Muchos años llevamos hablando y comentando las costumbres milongueras y hasta hoy nunca se nos ocurrió publicar sobre las practicas religiosas de los habitué de la "milonga del Oriental"- la milonga al aire libre con parrilla incluida - cuando llega la semana santa. Básicamente porque el común de los milongueros no suele ser gente muy devota. Es más, parece solazarse en la pertenencia a una caterva de malditos, desposeídos, negadores de la luz y abominadores de esa paz familiar que impone la televisión. El milonguero es en esencia un obseso más, entre los muchos que habitan este mundo. Y como todos se cree especial, un poco bandolero y rufián. Un elegido. Y como tal es impermeable a fiestas señaladas que no sean encuentros netamente tangueros.

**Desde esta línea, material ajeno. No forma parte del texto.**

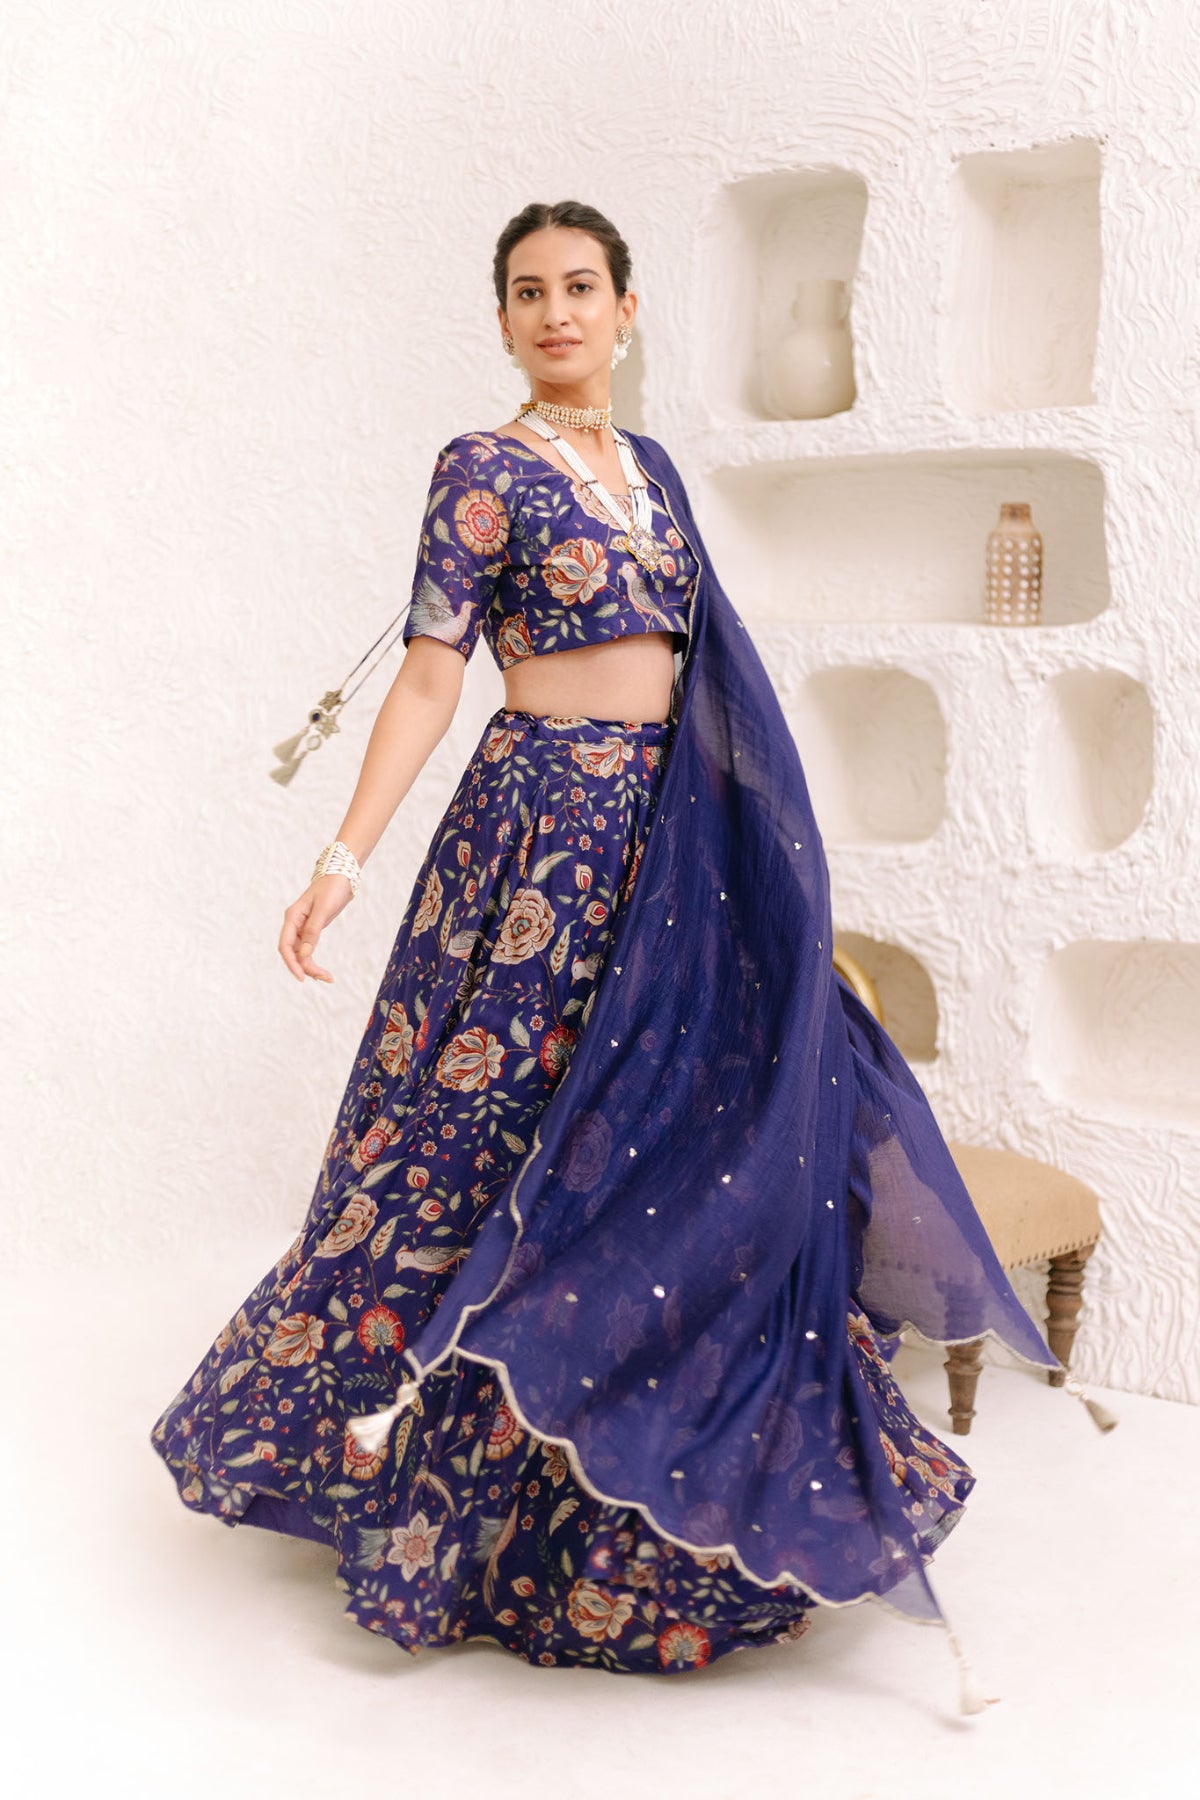 Moroccon Blue Floral print Lehenga with Floral print Blouse and Dupatta - set of 3

Pero Riquelme, el dueño de la milonga, además de un comerciante inescrupuloso capaz de aguachear el vino - que es malo de por si y provoca convulsiones y visiones entre los turistas y quienes se acercan por vez primera al Oriental - malversar el champan, y menguar el relleno del choripan, tiene una veta religioso -mística. Todos los jueves santos se va en peregrinación a la cima del Uritorco y allí, crucificado en dos palos puestos en la tierra - que con la edad se han ido transformando en colchonetas - se queda esperando una respuesta divina, un contacto extraterrestre que no sucede, o un milagro que le permita multiplicar sus chorizos parrilleros mientras se alimenta con cardos y yuyos y lava las infamias pecuniarias acumuladas durante todo el año.
En su milonga mientras tanto, que queda a cargo del uruguayo Pococho se procede a la tradicional cena de viernes santo, con verduras hechas a la parrilla, fabulosas picadas de quesos variados, chipá, papas fritas, olivas y salmón y las tradicionales empanadas de vigilia de atún o espinaca, junto con la consabida tarta pascualina, que se hace con acelgas, micuit, pollo, parmesano, cebolla y huevo. Banquetes aderezados con un vino dulzón que parece provenir de la bodega de algún monasterio.

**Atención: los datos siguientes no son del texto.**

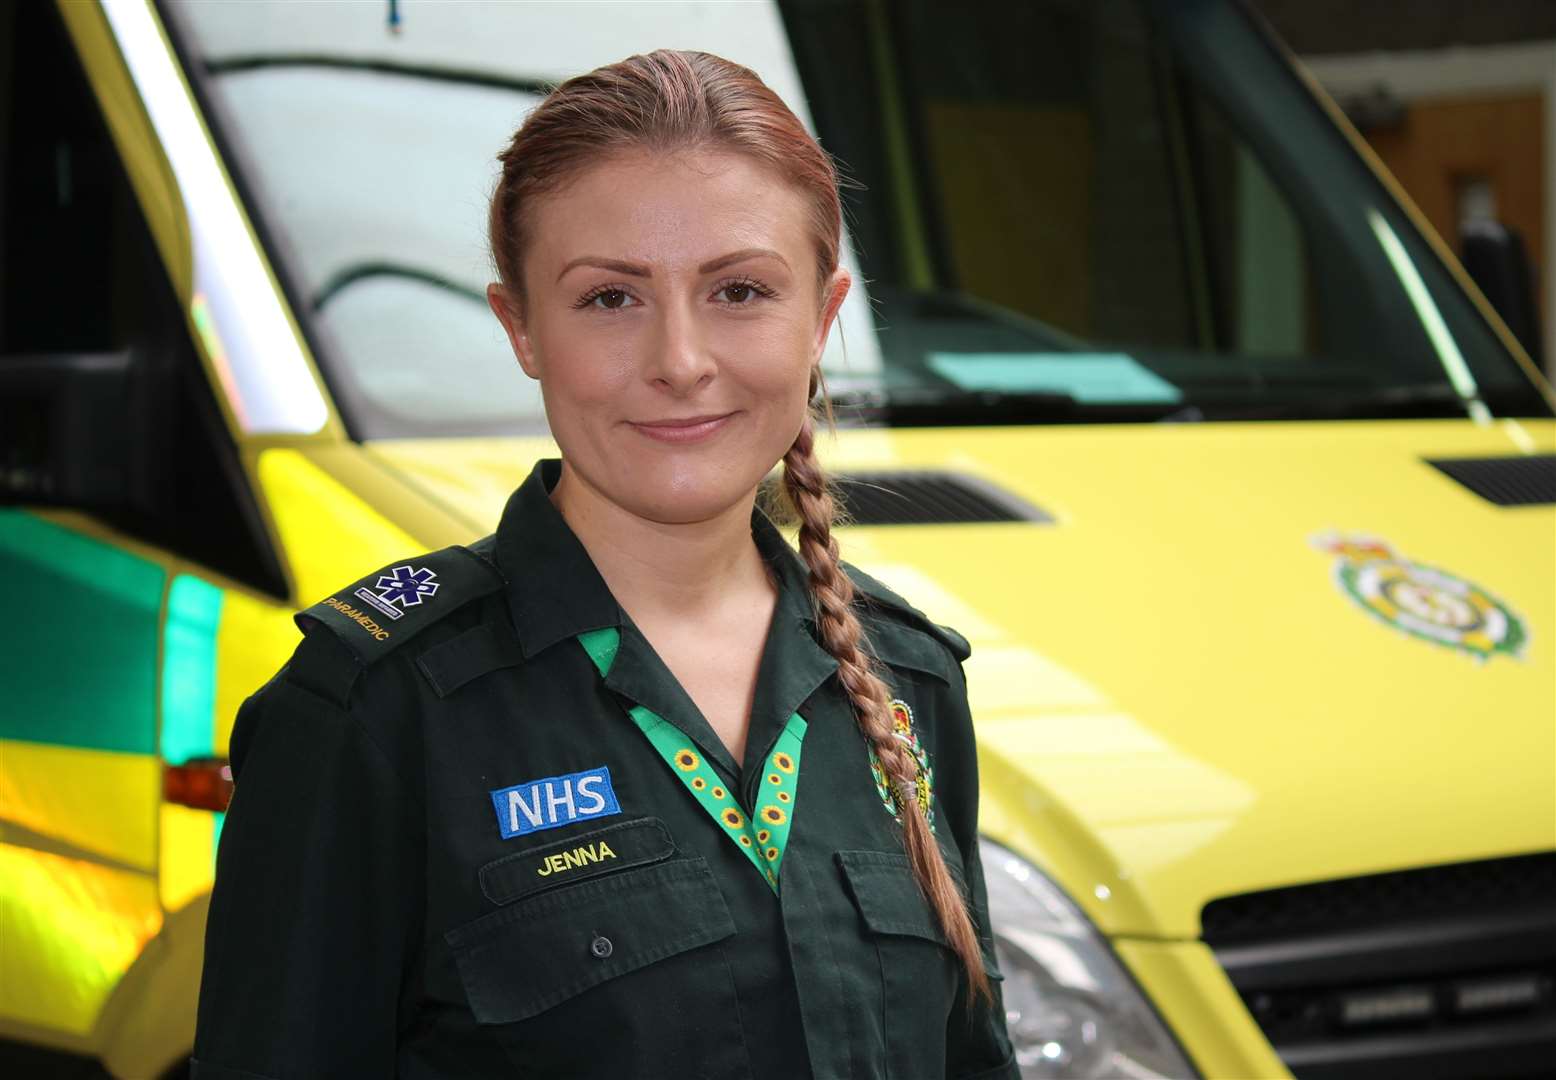 Jenna Gibson is blazing a trail deaf and hearing impaired ambulance workers.

Los milongueros suelen venir con vestimenta y comportamientos contenidos y sombreros lucidos de ala ancha, en contraposicion con los capirotes al estilo Ku-klux-klan que suelen verse en las procesiones de España. Luego de cenar van desperdigandose por la pista y a las doce en punto comienzan su particular procesión por las calles de la ciudad, llevando en volandas las imagenes de San Finito Escabiandin, el patrono de los milongueros y los borrachos y santa Remeditos Remersaro, una milonguera que bailaba todas las tandas- y con todos - y a la que se atribuyen hechos milagrosos como que Tiburon Maglieli dejara de girar y Los Pavone comenzaran a bailar en el compás. Así, mientras cada cual va recitando los versos y las suplicas que quiera, para que su baile no se vea nunca afectado por la ebriedad, las lesiones, la soberbia o la edad, se vuelve a la pista del Oriental y se comienza a bailar, solo caminando y sin firuletes "La Bicicleta Blanca" de Horacio Ferrer, esa proeza que habla de fe, de humanidad y de pérdida. Y así comienza la milonga, que dura hasta las tres de la tarde. Quizá porque los milongueros querríamos haber sido también como esos apóstoles, esos marginales, indecentes y mal vistos, carentes de santidad, caraduras, aprovechados y negadores del C
risto amigo de las prostitutas, los poseídos, y los locos. Un grupo de elegidos, compartiendo el pan, el vino y la ceremonia en un momento intimo y acaso definitivo, mientras pasa la noche y se anuncia el otro dios, el sol, que da vida y resurrección a todas las criaturas de esta sufrida tierra.